Safe Drinking Water Act
How Safe Is The Water You Drink?
Most of us assume the water that flows from our tap is safe to drink. That is until Flint, Michigan’s water crisis made most of the nation question how safe tap water is to drink.
At Aquasana we believe all tap water should be filtered before drinking. Water treatment plants use many chemicals to disinfect water and as we have learned in Flint, sometimes water can start out (from the source) safe to drink and during transit, it picks up contaminants such as lead. In a recent blog post we looked at how and why lead levels became elevated in Flint. In a nutshell, proper procedures were not followed.
More than 40 years ago, law makers outlined rules and procedures called The Safe Drinking Water Act (SDWA) for local municipalities to follow to ensure water met the appropriate safety standards and was considered safe to drink in this country.
The Safe Drinking Water Act, enacted in 1974, is separate from the Clean Water Act which regulates pollution in our nation’s lakes, rivers, and other bodies of water.

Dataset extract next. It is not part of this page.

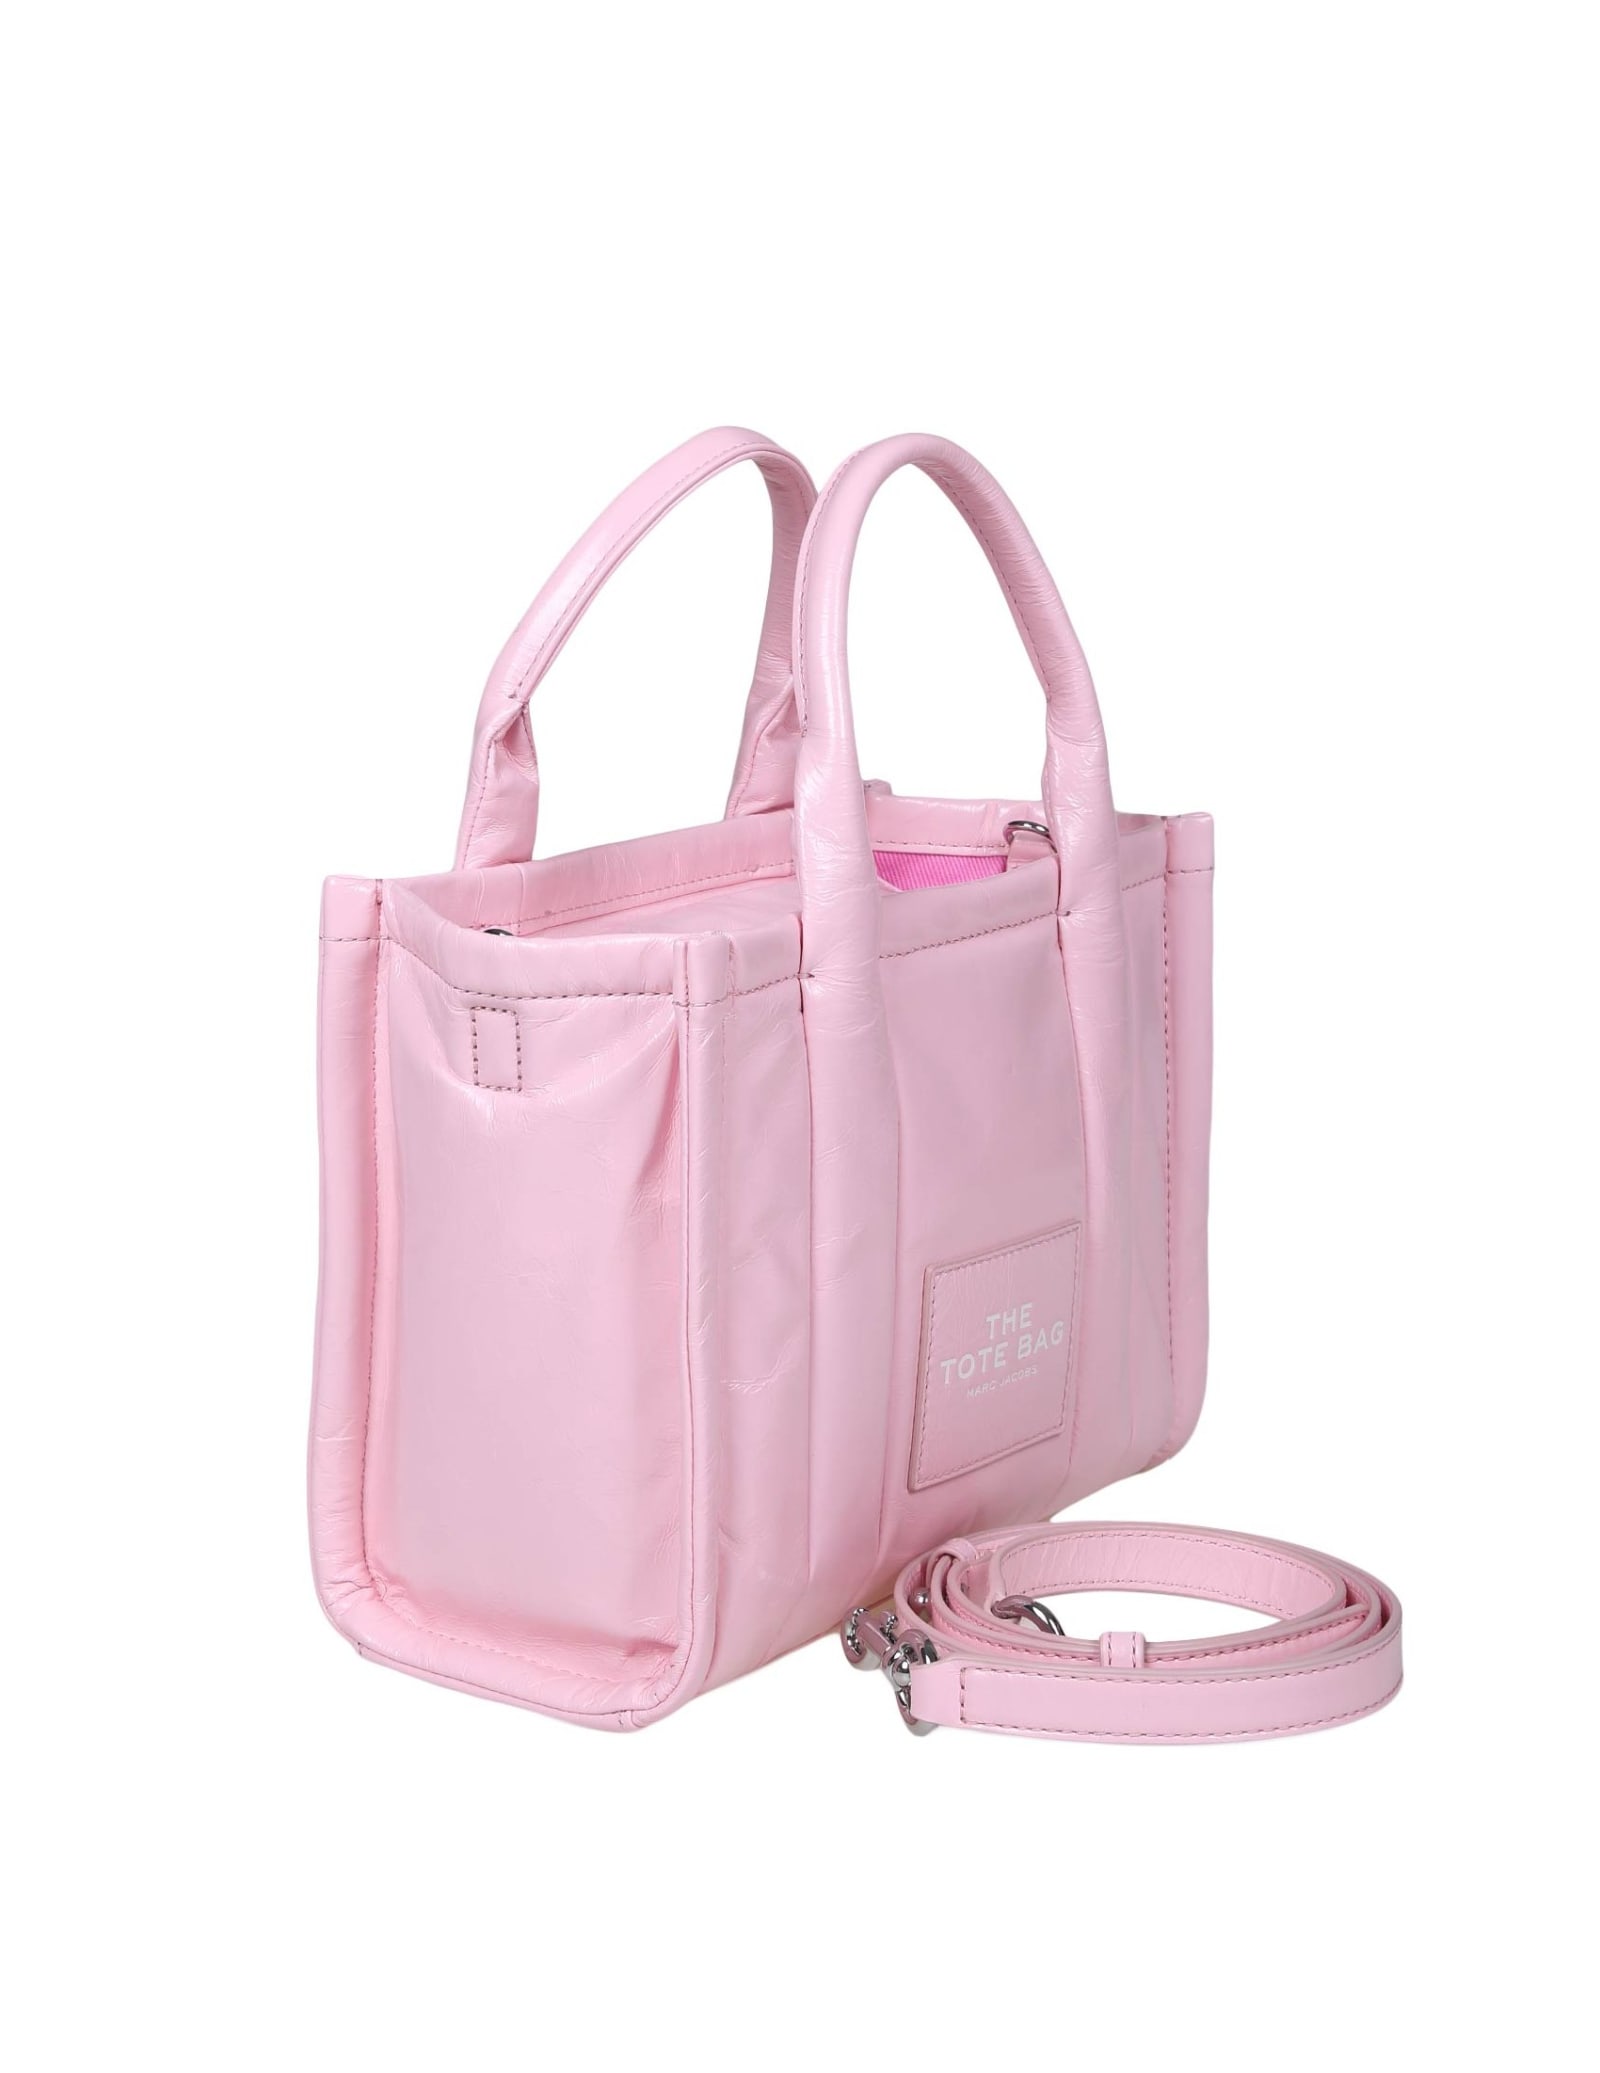 Marc Jacobs The Mini Tote Bag in Pink
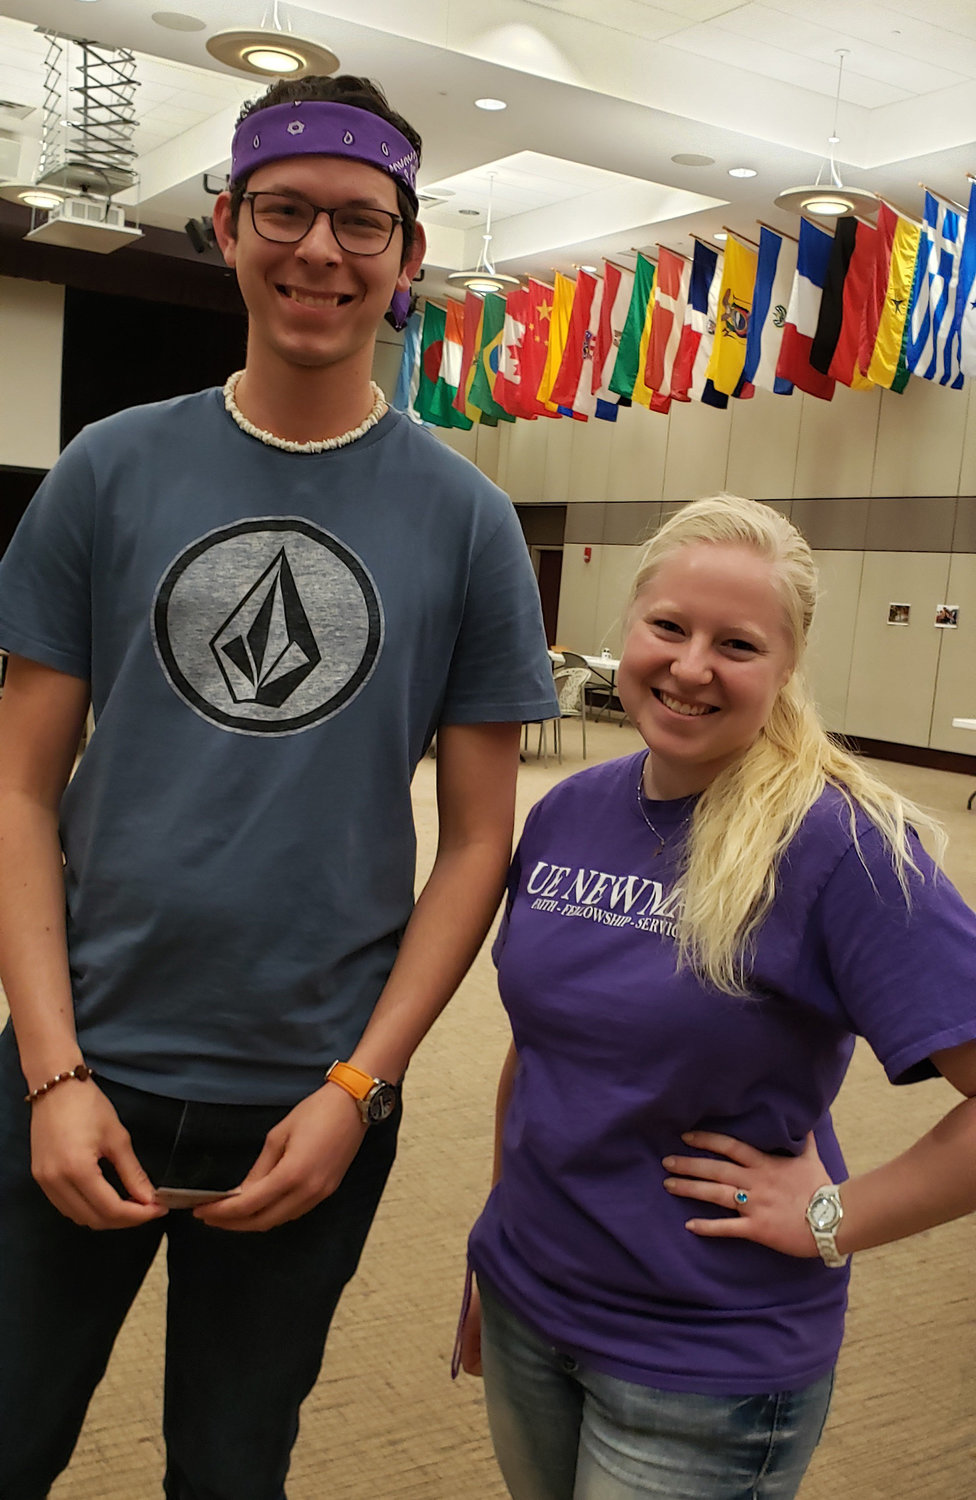 Students Edgardo Maldonado and Hailey Rose Thayer are pictured at the University of Evansville in Indiana. Thayer, a junior biology education major, is attending Cardinal Newman’s canonization with a group of local college students from the area and will read a petition at a vigil Mass in Rome the night before the canonization.

The Safe Drinking Water Act focuses on above ground and underground water sources used for drinking water. The Act authorized the Environmental Protection Agency (EPA) to establish minimum standards to protect tap water and required all owners or operators of public water systems to comply with these basic standards.
Amendments made in 1996 to the SDWA require the EPA to consider a detailed risk and cost assessment, and best available scientific data, when developing drinking water standards.
Even with government issued rules and regulations, mistakes can still be made. In Flint, a chain of decisions led to a new source of drinking water which wasn’t properly treated to mitigate the acidity level of this new source of water, leading to massive corrosion of pipes, and ultimately high levels of lead. This could happen, and has happened to places outside of Flint. In fact, 17 U.S. cities have been identified as having higher than desired levels of lead in drinking water. How can you safeguard your drinking water? You can invest in a water testing kit and see what’s in your water, then get the right NSF certified filter for the job. All of our drinking water filters remove lead from drinking water and much more.
The SDWA is a good start, but decades old and reliant on local municipalities to enforce. You need to be your own health advocate and invest in the best filter possible.